Dan saat ini dengan adanya Undang-Undang Pokok Agraria yang ditindak lanjuti dengan adanya Peraturan Pemerintah Nomor 10 Tahun 1961 yang kemudian diganti dengan Peraturan Pemerintah Nomor 24 Tahun 1997 tidak mungkin lagi diterbitkan hak-hak yang tunduk kepada Kitab Undang-Undang Hukum Perdata ataupun yang akan tunduk kepada hukum adat setempat kecuali menerangkan bahwa hak-hak tersebut merupakan hak adat. Mengingat pentingnya pendaftaran hak milik atas tanah adat sebagai bukti kepemilikan hak atas tanah secara sah sesuai dengan Pasal 23, Pasal 32, dan Pasal 38 Undang-Undang Pokok Agraria, maka diberikan suatu kewajiban untuk mendaftarkan tanah adat
Letter C
khususnya hak milik Adat.
Pasal 19 UUPA mengharuskan pemerintah untuk mengadakan pendaftaran tanah di seluruh wilayah Republik Indonesia, dikarenakan masih minimnya pengetahuan, kesadaran masyarakat tentang bukti kepemilikan tanah. Mereka mengganggap tanah milik adat dengan kepemilikan berupa girik, dan Kutipan Letter C yang berada di Kelurahan atau Desa merupakan bukti kepemilikan yang sah. Juga masih terjadinya peralihan hak seperti jual beli, hibah, kewarisan ataupun akta-akta yang belum didaftarkan sudah terjadi peralihan hak yang dasar perolehannya dari girik dan masih terjadinya mutasi girik yang didasarkan oleh akta-akta, tanpa didaftarkan di Kantor Pertanahan. Berdasarkan Surat Direktur Jenderal Pajak, tanggal 27 Maret 1993, Nomor : SE-15/PJ.G/1993, tentang Larangan Penerbitan Girik/Petuk D/Kekitir/Keterangan Obyek Pajak (KP.PBB II). Saat ini dibeberapa wilayah Jakarta pada Kantor Pelayanan Pajak Bumi dan Bangunan, sudah ditiadakannya mutasi girik, hal ini disebabkan karena banyaknya timbul permasalahan yang ada di masyarakat karena dengan bukti kepemilikan berupa girik menimbulkan tumpang tindih dan kerancuan atau ketidakpastian mengenai obyek tanahnya. Maka peran serta buku kutipan letter C sangat dominan untuk menjadi acuan atau dasar alat bukti yang dianggap masyarakat sebagai alat bukti kepemilikan tanah.

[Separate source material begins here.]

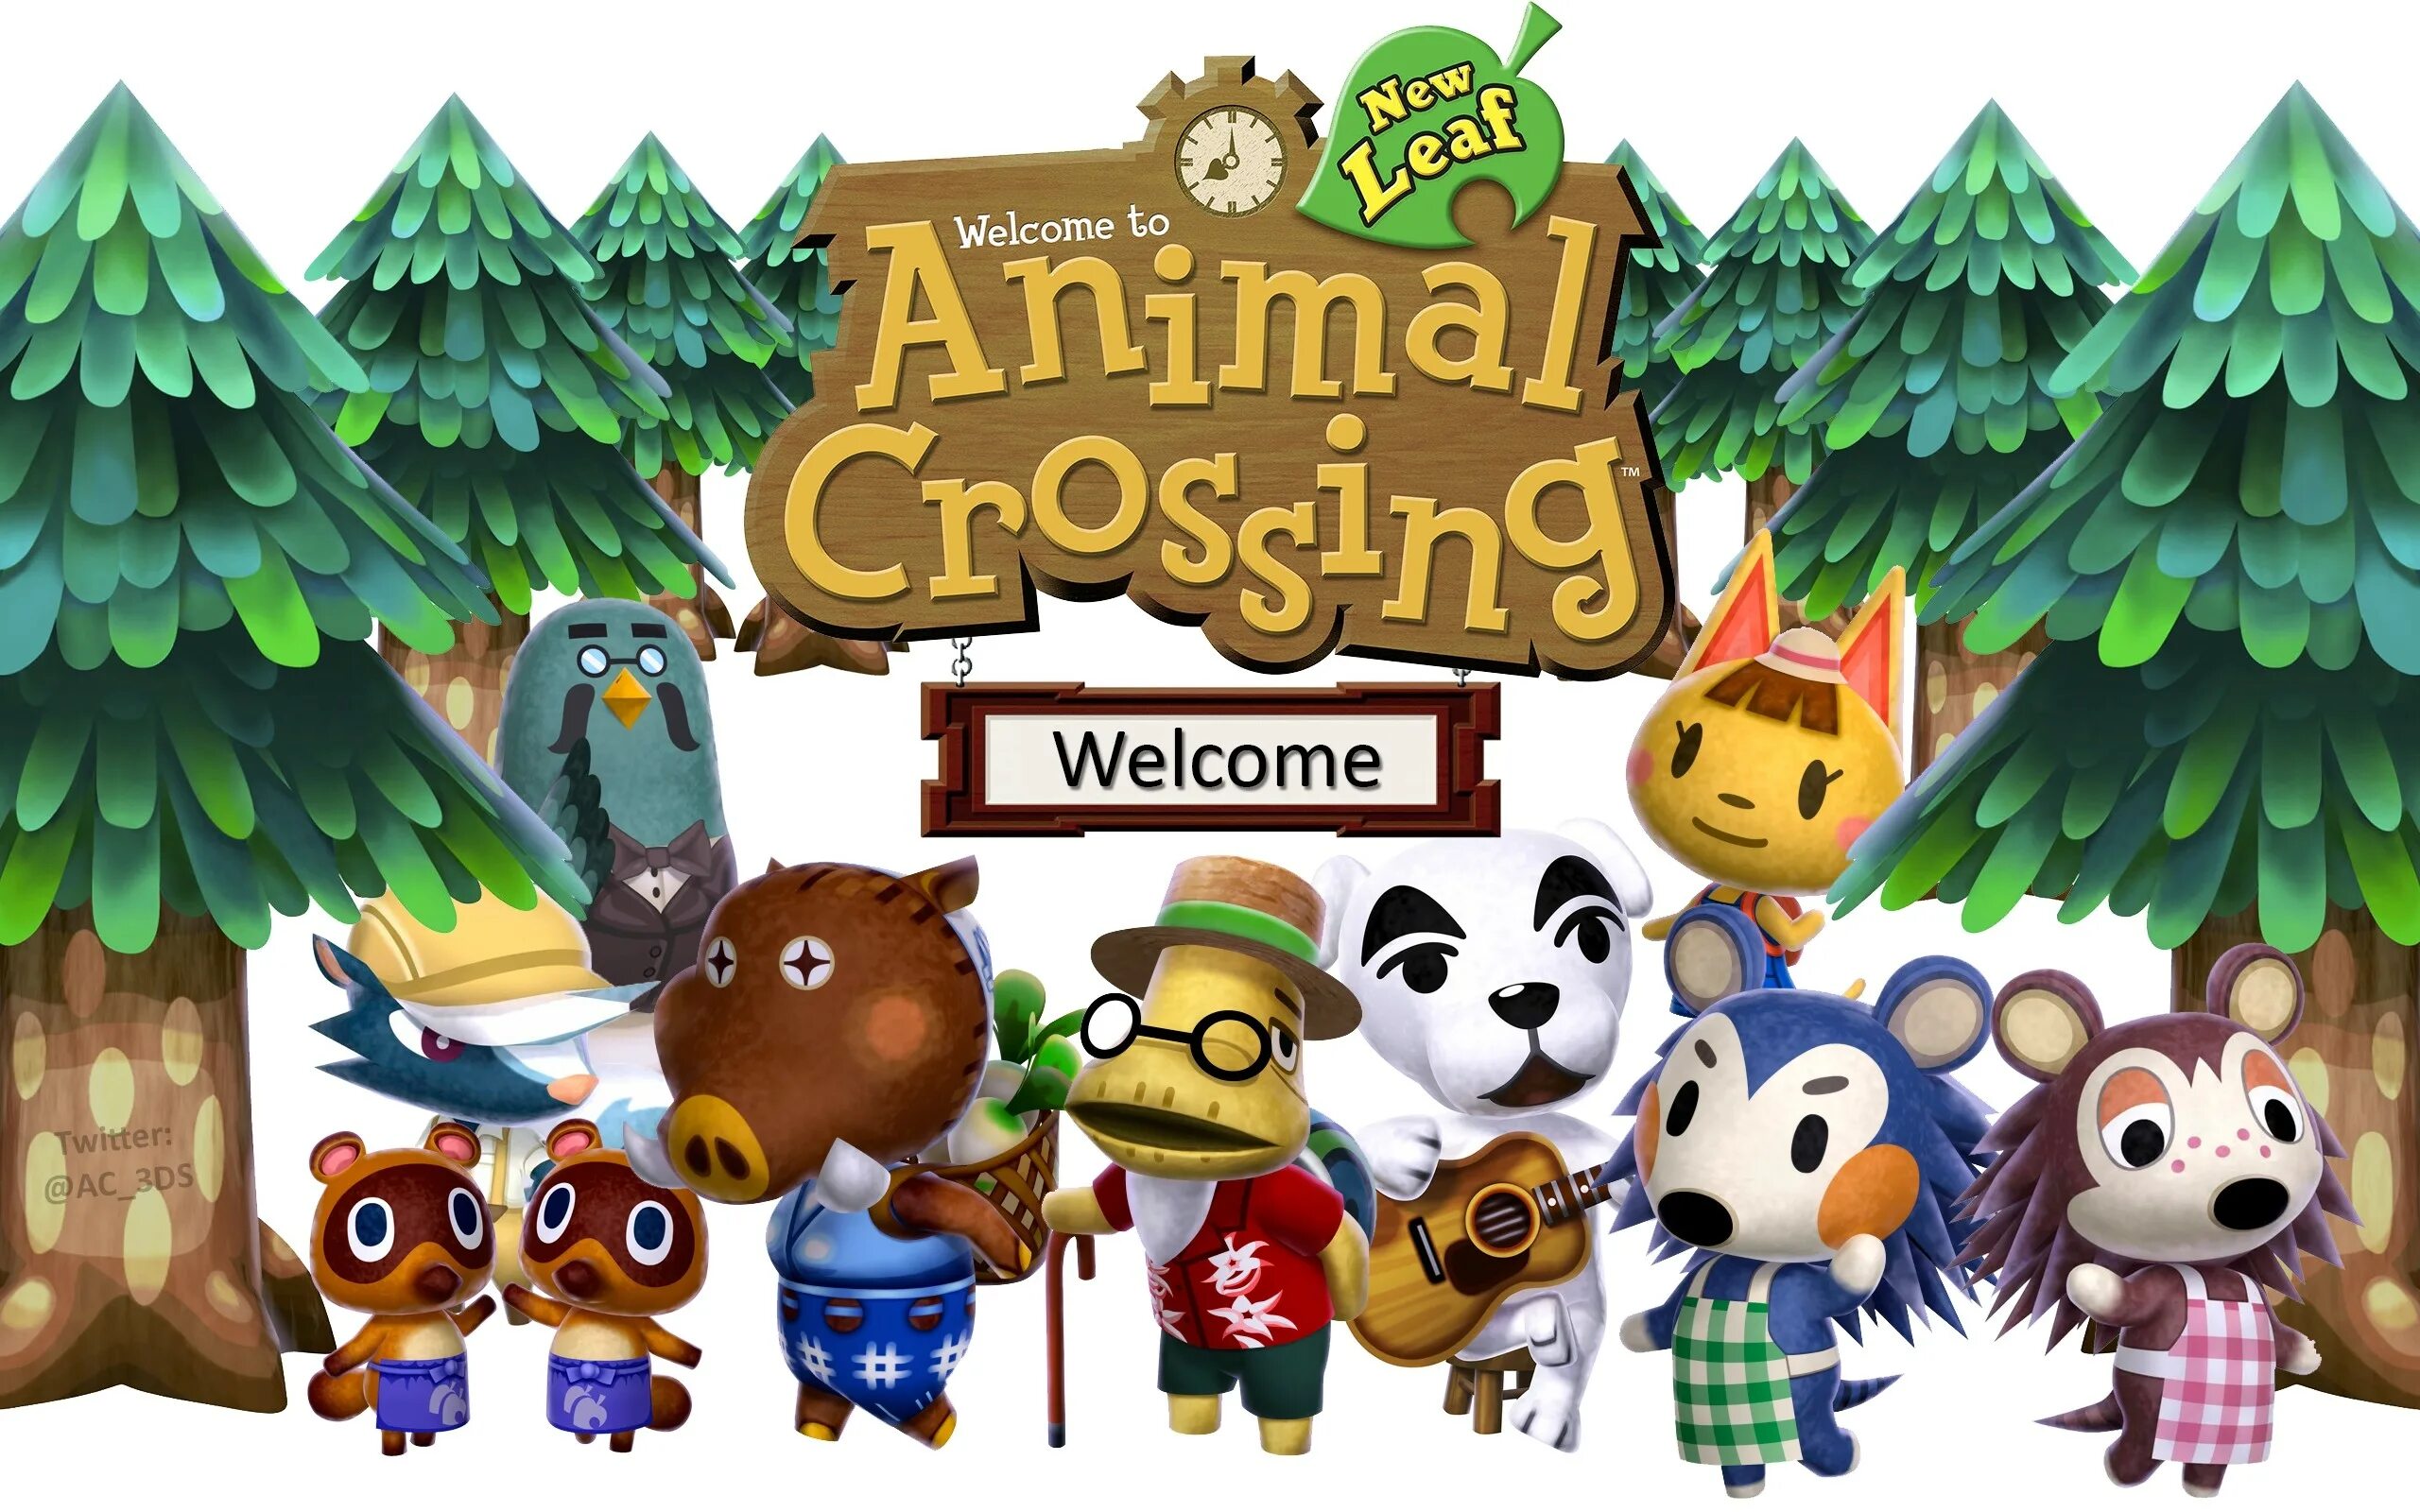 Энимал Кроссинг New Leaf. Энимал Кроссинг 2001. Энимал Кроссинг персонажи. Animal Crossing New Leaf. Animal crossing rus

Sebagai contoh, dalam hal seorang warga yang akan mengurus sertipikat, padahal tanahnya pada saat ini baru berupa girik, maka yang dilakukan Kepala Desa atau Kelurahan adalah dengan berpedoman pada keadaan fisik tanah, penguasaan, bukti pembayaran pajak. Seorang Kepala Desa atau Kelurahan akan mencocokkan girik tersebut pada Kutipan Letter C pada Kelurahan. Sedangkan pengajuan hak atas tanah untuk yang pertama kali adalah harus ada Riwayat Tanah (yang dikutip dari letter C) serta Surat Keterangan Tidak Dalam Sengketa yang diketahui oleh Kepala Desa atau Kelurahan. Dengan dipenuhinya dokumen alat bukti tersebut seorang warga dapat mengajukan permohonan atas kepemilikan tanah tersebut untuk memperoleh hak atas tanah pada Badan Pertanahan yang disebut Sertipikat.
Pembahasan mengenai pengakuan hak milik atas tanah disertai dengan penerbitan sertipikat tanah sangatlah penting, setidak-tidaknya karena :
Sertipikat hak atas tanah memberikan kepastian hukum atas kepemilikan tanah bagi pihak yang namanya tercantum dalam sertipikat. Karena penerbitan sertipikat dapat mencegah sengketa tanah. Dan kepemilikan sertipikat akan memberikan perasaan tenang dan tentram karena dilindungi dari tindakan sewenang-wenang yang dilakukan oleh siapapun.Dengan kepemilikan sertipikat hak atas tanah, pemilik tanah dapat melakukan perbuatan hukum apa saja sepanjang tidak bertentangan dengan undang-undang, ketertiban umum dan kesusilaan. Selain itu, sertipikat tanah memiliki nilai ekonomis seperti disewakan, jaminan hutang, atau sebagai saham.Pemberian sertipikat hak atas tanah dimaksudkan untuk mencegah pemilikan tanah dengan luas berlebihan yang ditentukan oleh peraturan perundang-undangan.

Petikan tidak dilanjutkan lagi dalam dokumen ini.